791 King James' ranks as second, and reads:
"Wo to Ariel, to Ariel, the city where David dwelt: add ye year to year; let them kill sacrifices"
The Catholic occupies the third place, and reads:
"Wo to Ariel, to Ariel, the city which David took: year is added to year, the solemnities are at an end."
The Polyglot, fourth, reads:
"Woe to Ariel (the lion of god,) to Ariel (the lion of God) the city, (or of the city,) where David dwelt; add ye year to year: let them kill sacrifices, (or cut off the heads.")
Michaelis' (Hebrew) comes in a fifth, and if we had Hebrew type would read:
"Ho (O or alas) ari-ale, (altar of God,) ari-ale, altar of God, keir sit (city) khau nauh, (to bow down) Dauveid, (David) se poo (add ye) shaunauh (year) gnal (upon) shaunauh; (year) khaugeim, (festivals) yien-ko poo (let them be cut off.")
Now with very little alteration for dialect, from Hebrew to English, the verse will read:
Alas, altar of God, altar of God, the city bowed down to David: add ye year upon year; let the festivals be cut off.
The first four translations came from the same Hebrew, but not by inspiration.
If all men knew that Isaiah delivered his prophecies about the days that Israel went to a far country; or, more properly, when "The Lord was angry with him, and removed him out of his sight," they might perfectly understand the foregoing verse, and conclude that God removed the altar and festivals with Israel. That Daniel had an allusion to the same things when he said:
"And from the time the daily shall be taken away, and the abomination that maketh desolate set up, a thousand two hundred and ninety days."
Israel was "removed out of sight" about seven hundred and twenty years before the birth of our Savior; and five hundred and seventy years of the Christian era, would complete the twelve hundred and ninety days which prophetically means twelve hundred and ninety years. In the next verse Daniel says:
"Blessed is he that waiteth, and cometh to the thousand three hundred and five and thirty days."
This thirteen hundred and thirty five years for the "end" of the whole captivity and gathering of Israel. Thus Mormonism is ahead of all theories and speculations, that can be started. But hark, gentle reader, it is nowhere said, that the sanctuary should not be "cleansed" before the Lord comes, nor is it contrary to the promises of the Scripture, for the Lord to come twenty years before the ten tribes come from the north countries, and meet his foes in the valley of Jehoshaphat. In fact, this view of Daniel's numbers, will exactly meet the return of the ten tribes as foretold in the Appendix to the Book of Doctrine and Covenants.

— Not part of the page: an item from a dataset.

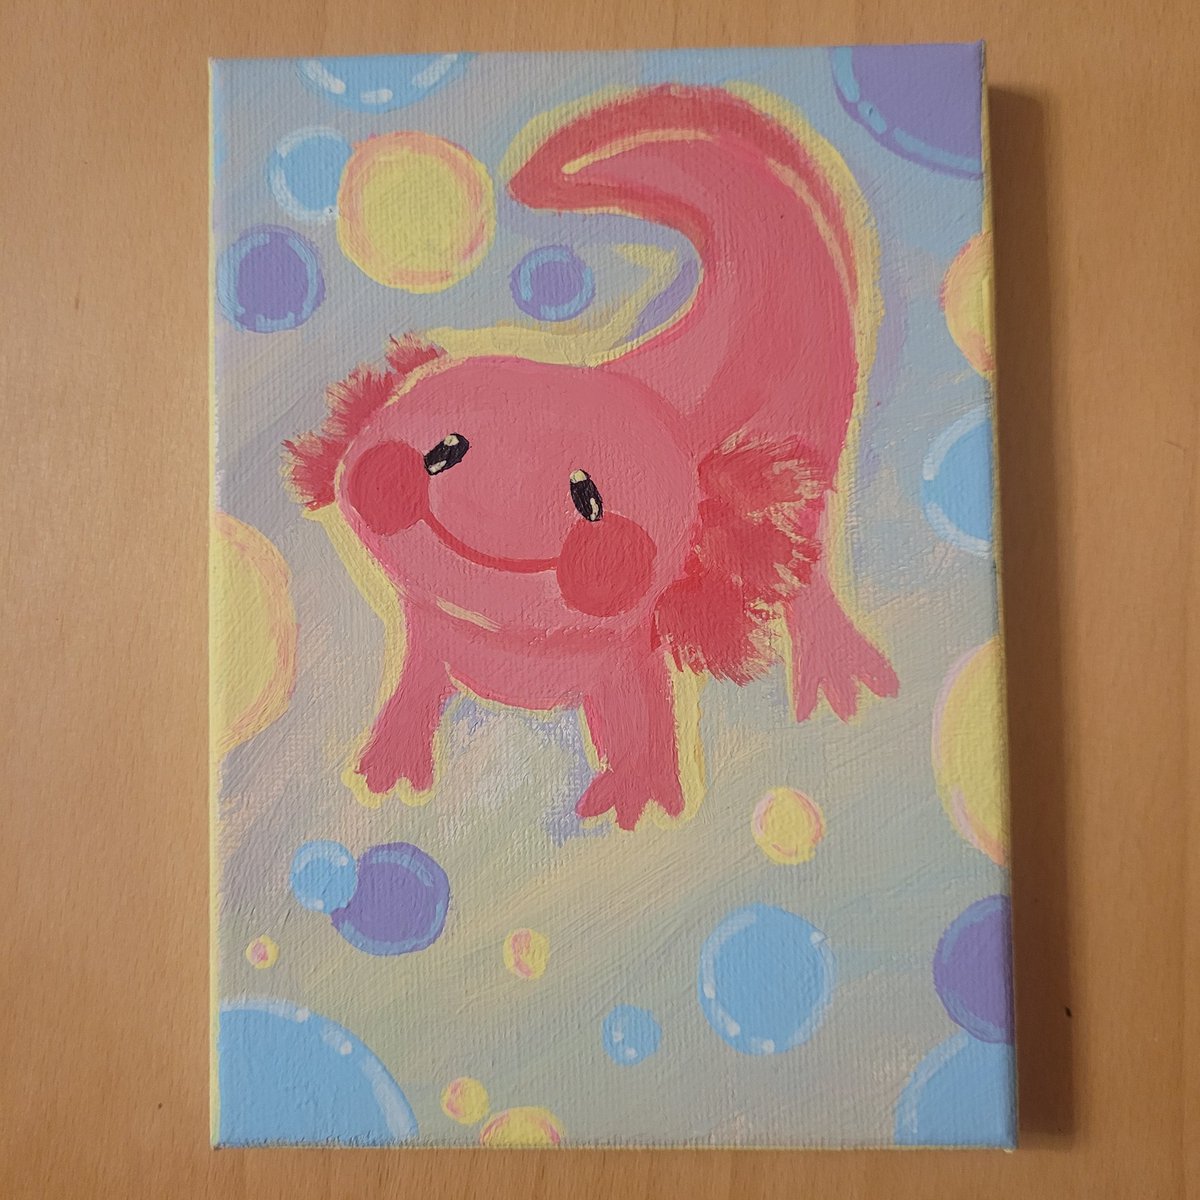 small boy, baby, tiny tiny boy. does not know anything, does not even know abc's. just knows be little and nap. so pure. #acrylicpainting #axolotl #axolotlart #pastellove #bubbles

One word further upon the "altar of God," or perhaps some very learned man may choose to call it "the lion of God;"-By reading the rest of the twenty ninth chapter of Isaiah it seems that the "altar" was to be brought down and speak out of the ground; and thus we are reminded that it spoke by the power of the priesthood. No wonder, then, that the prophet exclaimed:-alas for the priesthood! no man could get revelations from God without it:-and so we say; alas, for the clergy without a priesthood; they bow down to the bible, and add translation upon translation; but the spirit ceases to guide them in the old paths, and the whole world has gone a whoring after strange Gods. Alas, for the altar of God!